By V. S. Mukund
My brother always had too much self-respect for his own good, and it killed him.
“This is our home,” he’d said that night. “This is where we’ve always been, where we belong. And yet, they treat us like we’re the intruders. Like we’re the criminals. Like somehow we deserve death just for existing. Well, I can’t take it anymore. I can’t take the notion that I can’t walk ten steps in broad daylight in my own fucking home.”
We watched from our hole in the wall as he strode out into the light, the waves of white and pale gold flickering off his back in sheens far too heroic and true to belong to one of us. There was an inimitable grace in the way he walked. Six black-brown legs clicking boldly at the joints, sharp staccato notes on hardwood that said, “I’m here, motherfuckers, and I ain’t going anywhere else.”
I wish I could say that we tried to stop him. That we did the responsible thing. But the truth is, we were afraid. My brother had more courage than anyone I’d ever known, the kind of courage that simultaneously freezes your lymph and starts a fire in the pit of your gut. He’d scarcely walked ten feet across the hardwood plain when we heard rumblings—gigantically loud plodding sounds that could only mean doom.
“AAAAAAAAHHH!!!!! Cockroach!!!” came the antenna-shattering shriek.
My brother ran. He darted in between chairs and under tables, challenging the titans above him with his speed, his brazenness. He was faster than them, but their strides were long. His wings fluttered, faster and faster and faster, and suddenly—for one insane moment—he was up in the air.
Then came another scream. It exploded through the room, caught in the chitin of his wings, threw him off balance. He fell to the floor. A shoe followed not long afterwards.
And just like that, he was gone.
Yesterday, three days after my brother’s passing, one of the younger roaches brought back a cracker crumb that was coated in a sticky, shiny, amber-brown gel.
“Mmm,” he purred between hurried mouthfuls. “Come on, you’ve all got to try this. I
swear, it’s like nothing I’ve ever tasted.”
The other roaches moved near, mandibles salivating. But I held back. I recognized the strange amber gel he held. Immediately, my stomach clenched, and I pushed myself to the front of the pack. I kicked the crumb away, out of his hands and onto the floor.
“You take that crumb, and you throw it away, where no one will ever find it. You hear me?” I told that upstart fool.
“You hear me?” I pressed again.
He made some muffled protests and curled his antennae contemptuously. But eventually, he did as I told him. The other roaches in the colony may not have liked me, but they knew better than to ignore the words of one who had lived as long as I had.

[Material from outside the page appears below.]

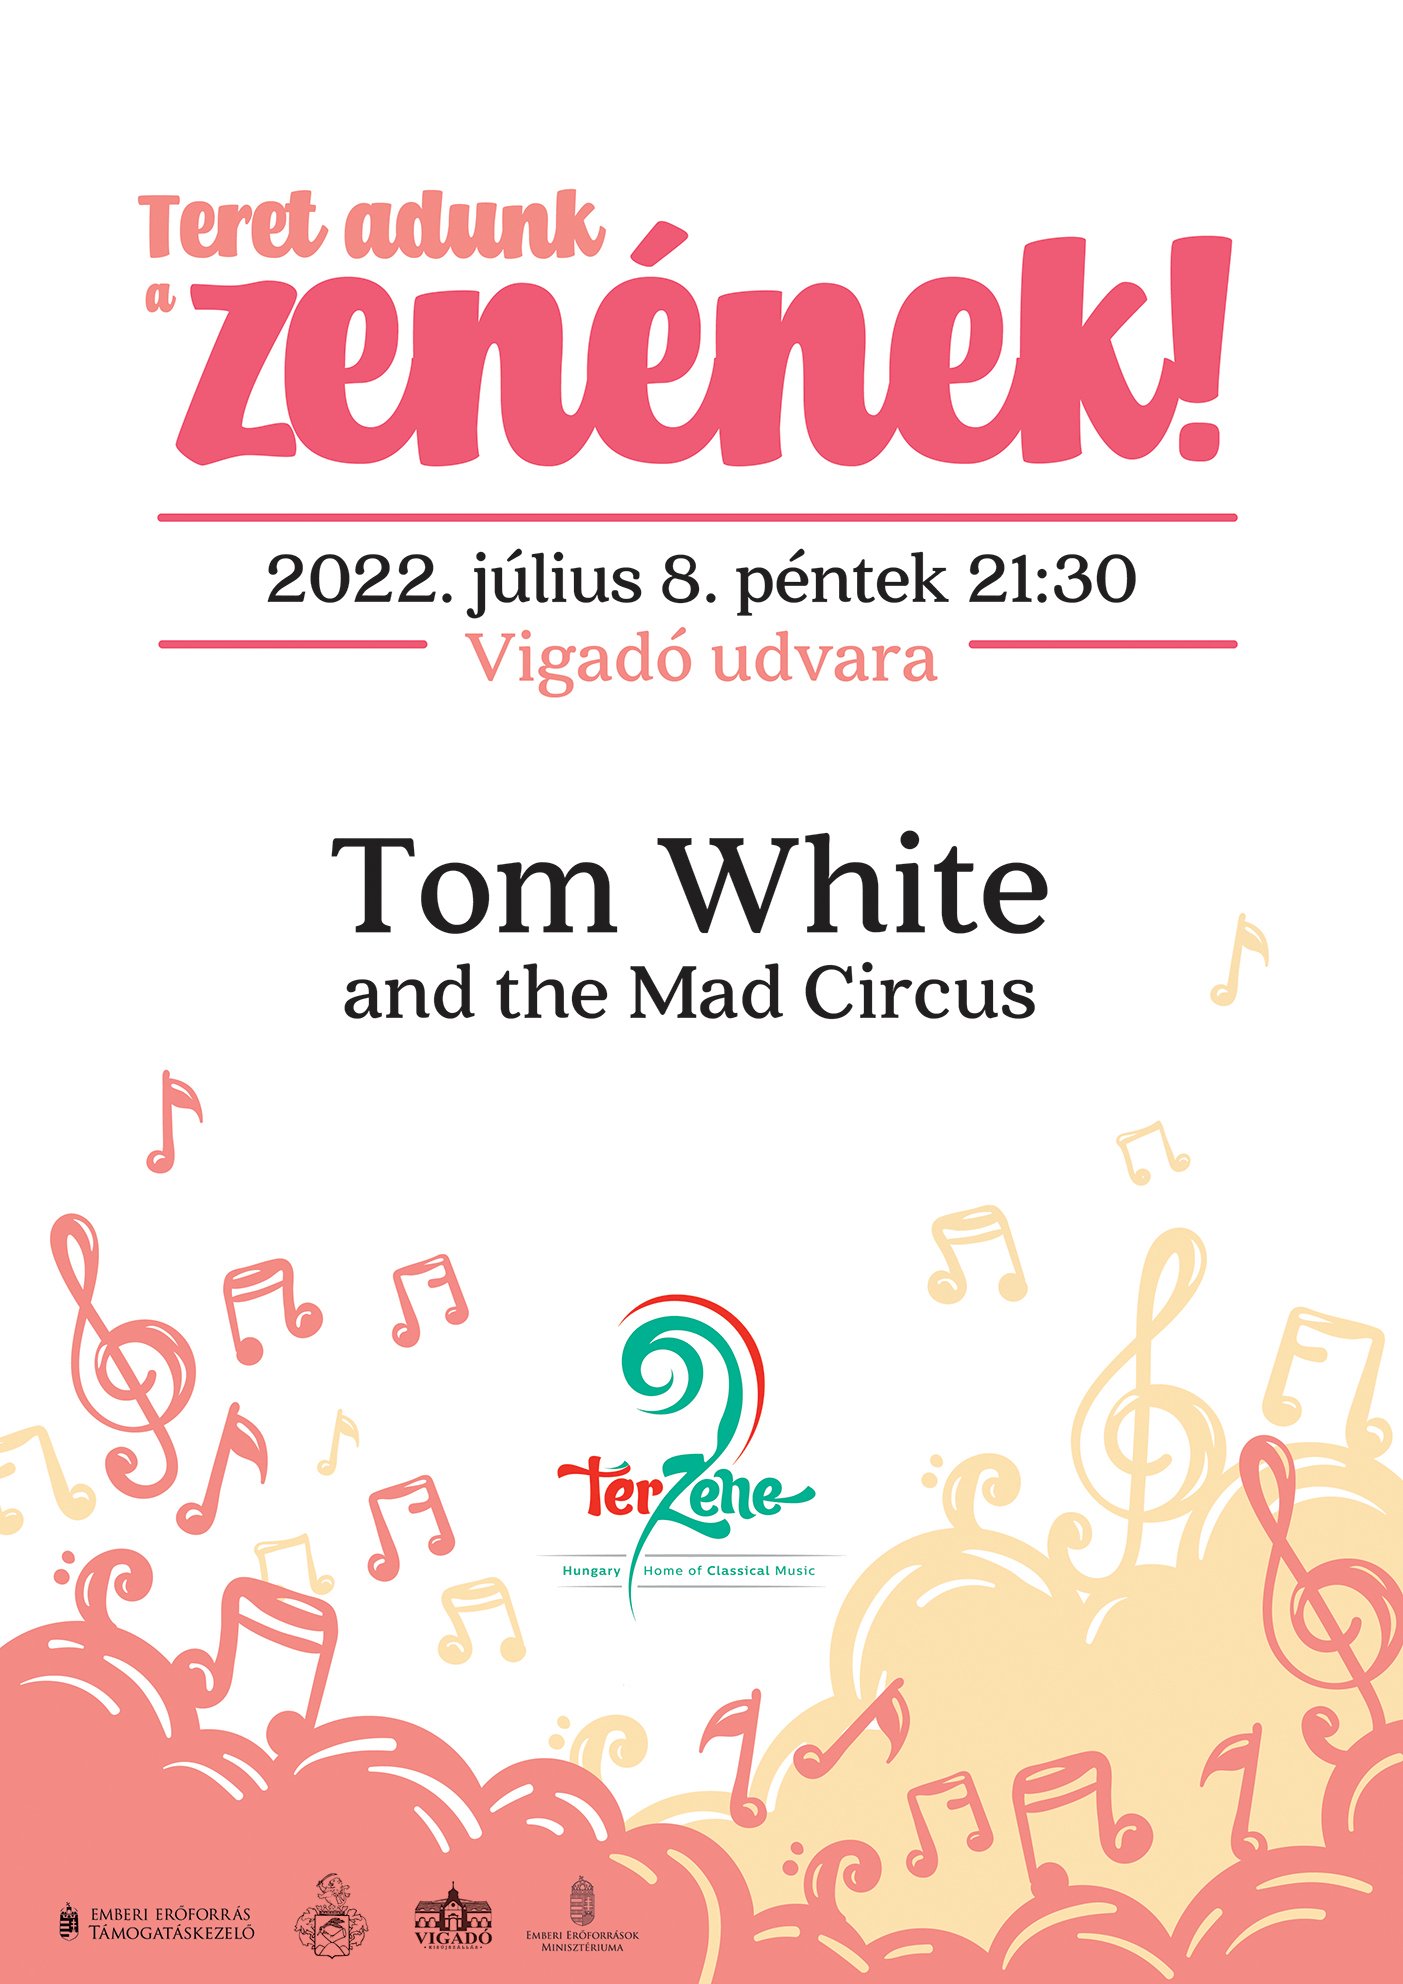 Tom White and the Mad Circus

There’s this bizarre memory I have, possibly apocryphal, of my mother bringing a whole chocolate chip cookie into our den when I was a nymph. It was a massive, sugary monster of a disk, almost bigger than all of us piling on top of it, and it was the sweetest thing I ever remember tasting. My mother had done her best to lap up the amber gel slicking its sides, though you could still see some of it glistening in the powdery crags and crevices. In those final days of her life, when that amber poison wormed its way deep into her brain, she would say the craziest things.
“You know, son, some day it won’t be like this. Some day, we’ll be able to eat chocolate chip cookies whenever we want, however we want, right inside the jar. And we won’t have to worry about getting sprayed or poisoned or stepped on neither, because they’ll be our cookies, our jar. Our very own place. A home to call our own.”
It was an odd thing to say to a nymph so young and thoughtless, and yet somehow I never forgot it. That’s the thing about a good lie. It sticks to you. And sometimes, when I think of that mother now, I curse her. Curse her for her certainty, for that belief—for feeding us the kind of sweet, sticky hope that gives you wings and makes you think you can fly.